> _What is expected_
Line by line, set down all the data below exactly, omitting any picture.

> _Provided material_
================

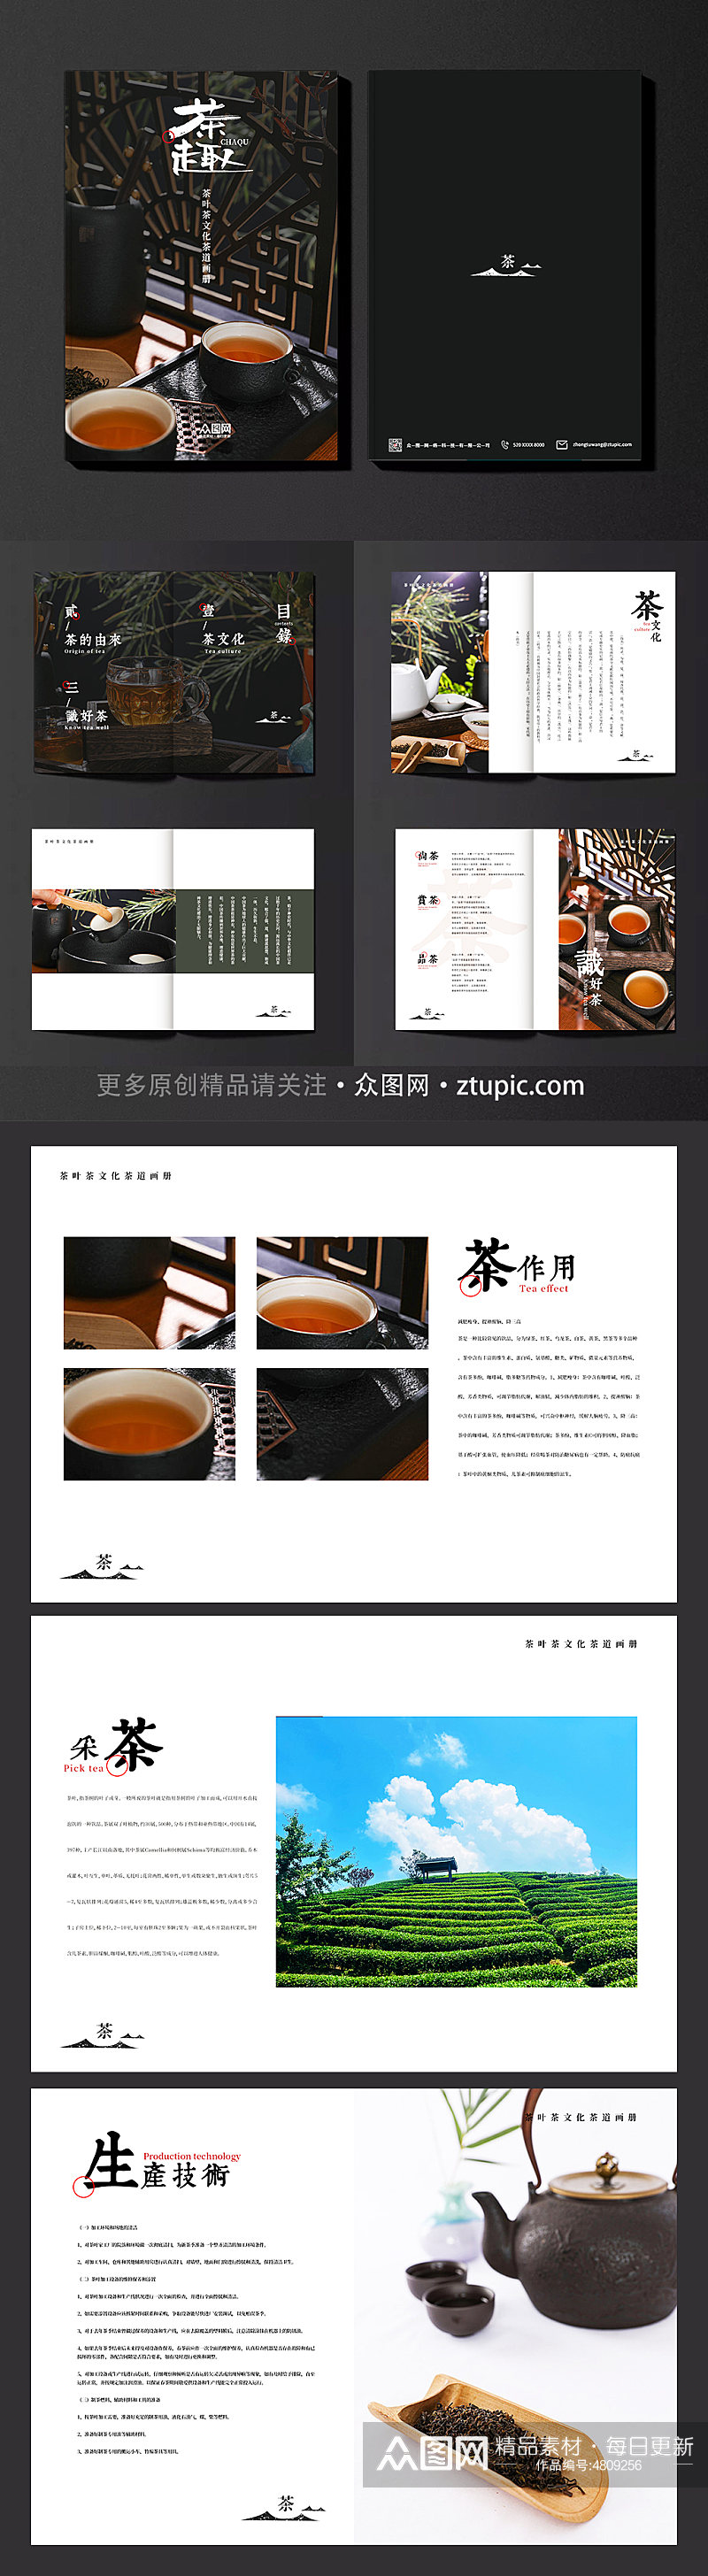 茶趣画册茶叶茶文化茶道宣传册画册素材
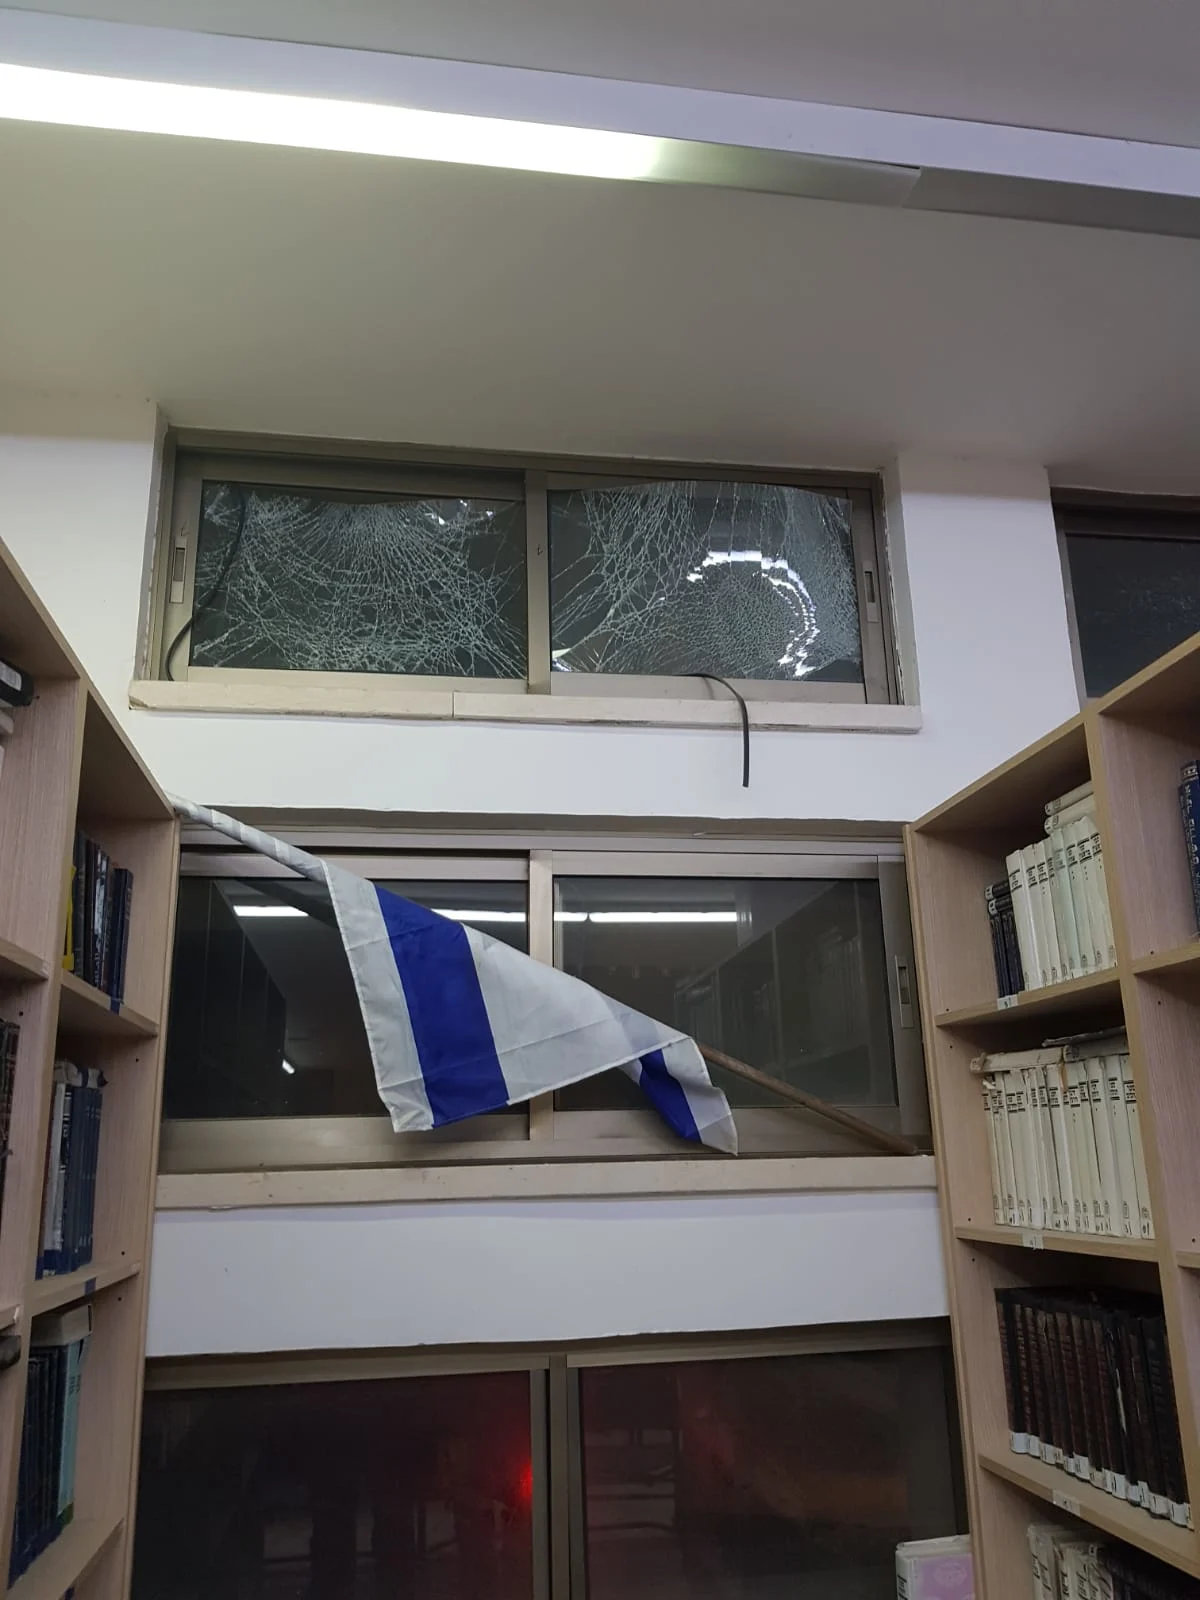 תוצאות הפגיעה הישירה בבניין ישיבת לב לדעת ליד בית חב''ד, שדרות
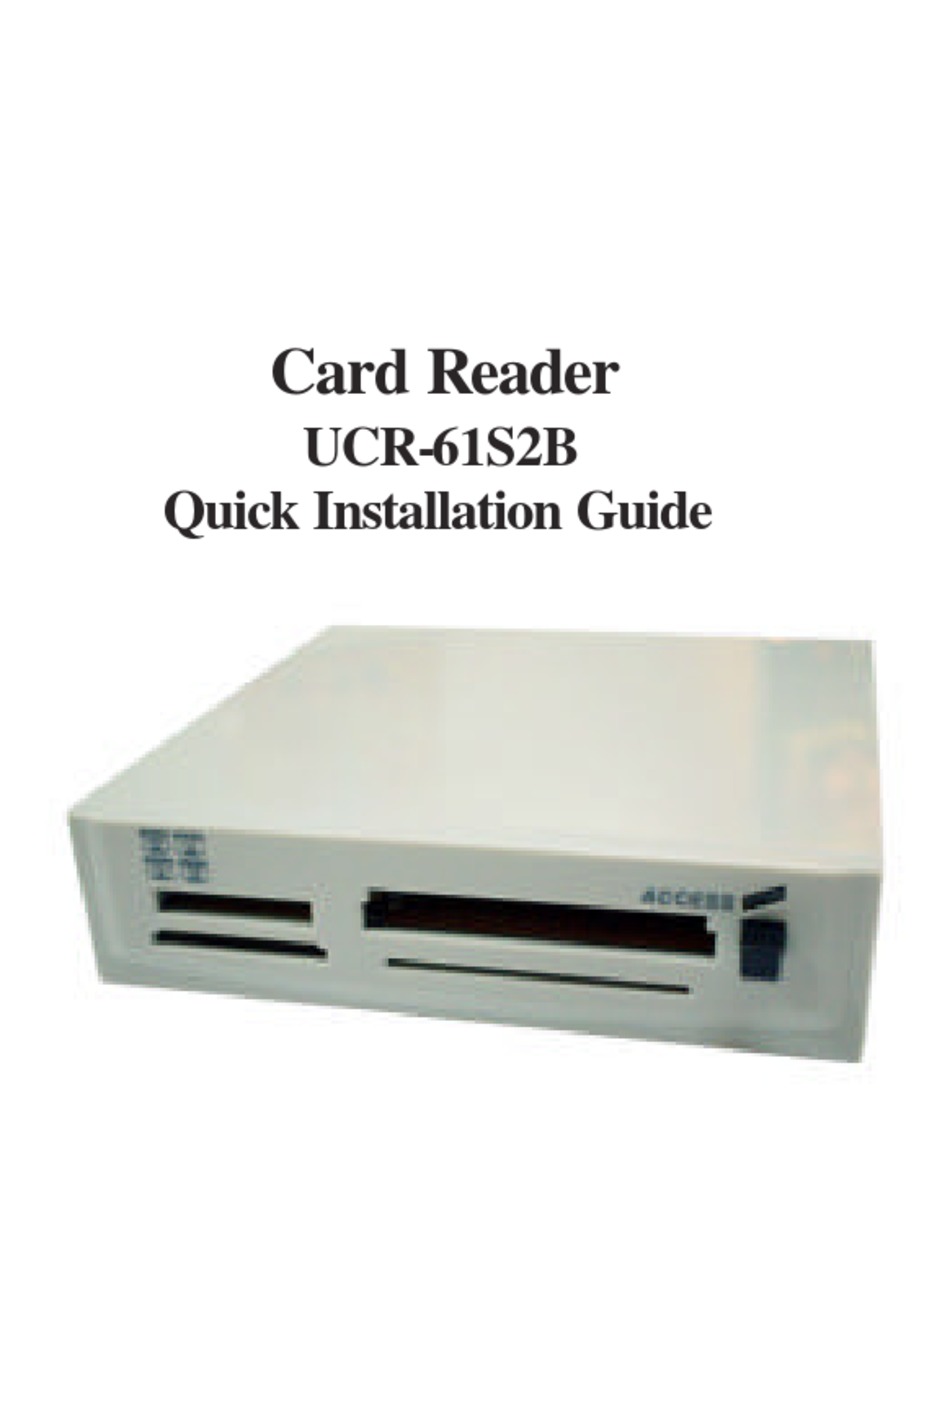 syntax usb card reader ucr 61

================

> _Solution to this task_
 茶趣画册茶叶茶文化茶道宣传册画册素材
 תוצאות הפגיעה הישירה בבניין ישיבת לב לדעת ליד בית חב''ד, שדרות
 syntax usb card reader ucr 61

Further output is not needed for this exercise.